Columbia University, USA

Photo of Michal Lipson
Awards & Distinctions

Michal Lipson is the Eugene Higgins Professor of Electrical Engineering and Professor of Applied Physics at Columbia University. Lipson pioneered critical building blocks in the field of Silicon Photonics, which today is recognized as one of the most promising directions for solving the major bottlenecks in microelectronics.  In 2004, she showed the ability to tailor the electro-optic properties of silicon, which led to the explosion of silicon photonics research and development. The number of publications related to silicon photonic devices and systems is now more than 50,000 a year. A large fraction of these publications are based on Lipson’s original papers published since 2001. Today, more than one thousand papers published yearly involve devices and circuits based on Lipson’s original modulators, or based on other silicon photonics devices demonstrated by her group, including slot waveguides and inverse tapers.  Her papers (over 250 refereed journal publications) have been cited more than 40,000 times. She is also the inventor on over 45 issued patents. Lipson has delivered hundreds of invited, keynote and plenary lectures in all the major conferences in optics and related fields.
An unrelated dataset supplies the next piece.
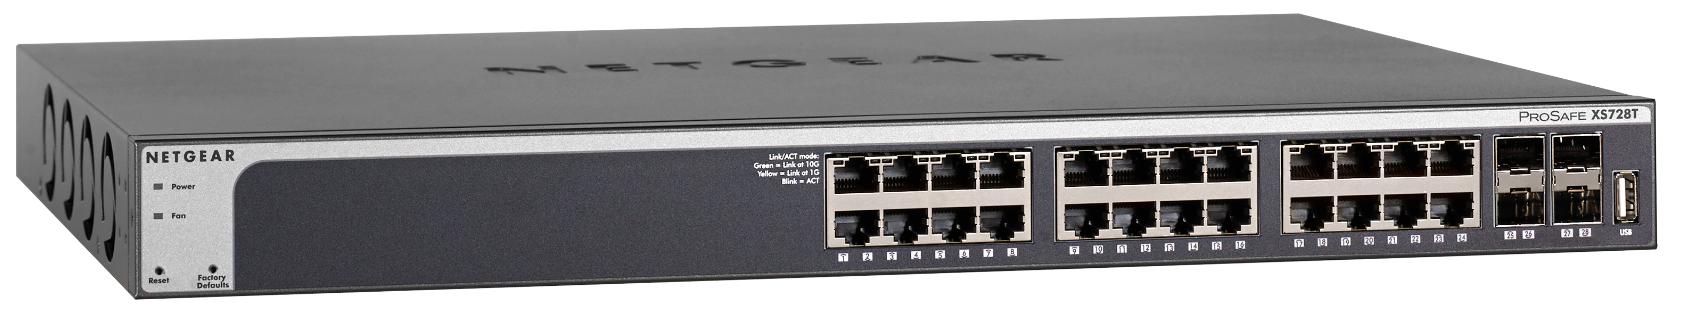 NETGEAR 28PT 10G SMART SWITCH W/4 SFP+, XS728T
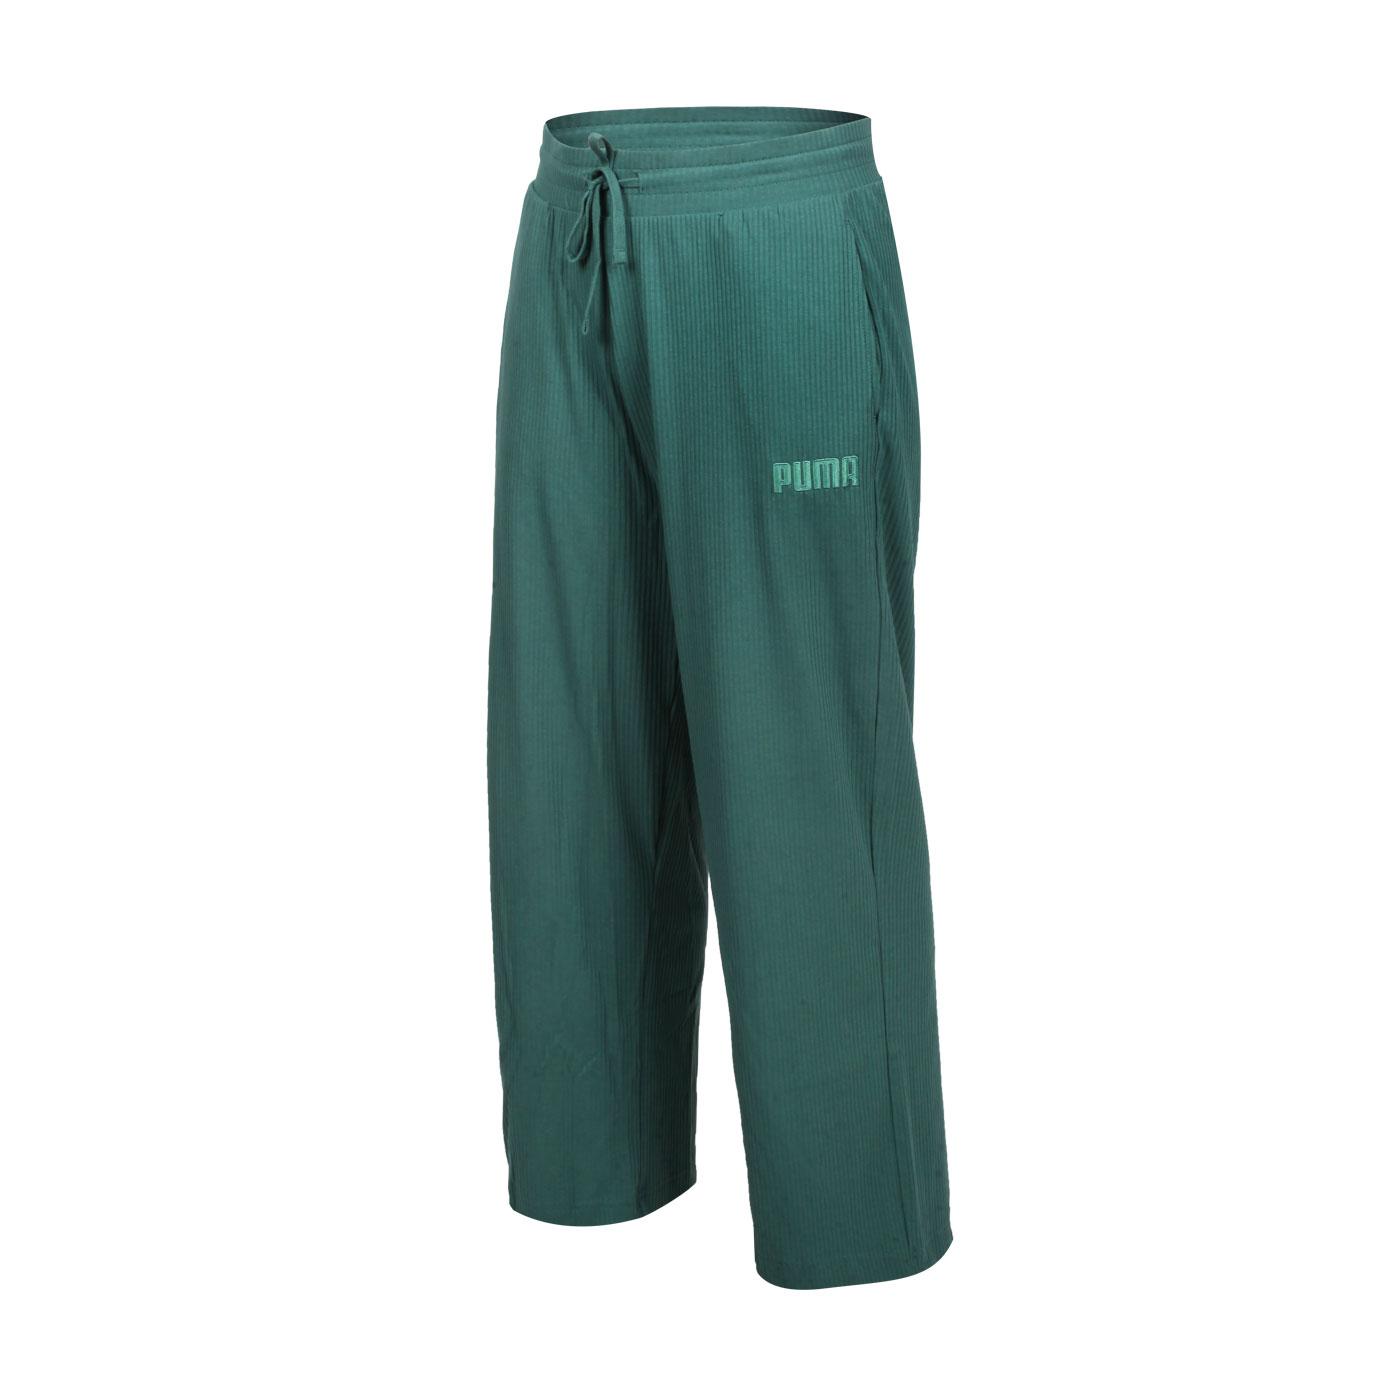 PUMA 女款基本系列Modern Basics羅紋寬褲 58593845 - 綠

Lipson received her Ph.D. in physics at the Technion in 1998. Following a postdoctoral position at MIT in the Material Science department from 1998 to 2001, she joined the School of Electrical and Computer Engineering at Cornell University and was named the Given Foundation Professor of Engineering at the School of Electrical and Computer Engineering in 2012. In 2015, she joined Columbia University, where she is the Eugene Higgins Professor of Electrical Engineering. 

Lipson was Optica President in 2023 and has held several leadership positions in the scientific community.  She has also co-organized numerous symposia and sessions during Optica conferences and was the general co-chair of CLEO (Conference on Lasers and Electro-Optics) in 2019. 

She is an Optica Fellow and was elected to the National Academy of Sciences (NAS) and to the American Academy of Arts Sciences (AAAS) for her work in silicon photonics. She has received several awards and honors including the R. W. Wood Prize, the NAS Comstock Prize in Physics, the MacArthur Fellowship, the Blavatnik Award, and the IEEE Photonics Award. She is the first woman to win the John Tyndall Award.

She also received an honorary degree from Trinity College, University of Dublin. Since 2014, she has been named every year by Thomson Reuters as a top 1% highly cited researcher in the field of Physics. She currently serves on the board of directors for two international photonics centers and three start-up companies and is a member of the external evaluation board for two academic institutions. She is a co-founder of PicoLuz, a company specializing in nonlinear silicon photonic components, and of Voyant, a company developing next-generation Lidar technology based on silicon photonics.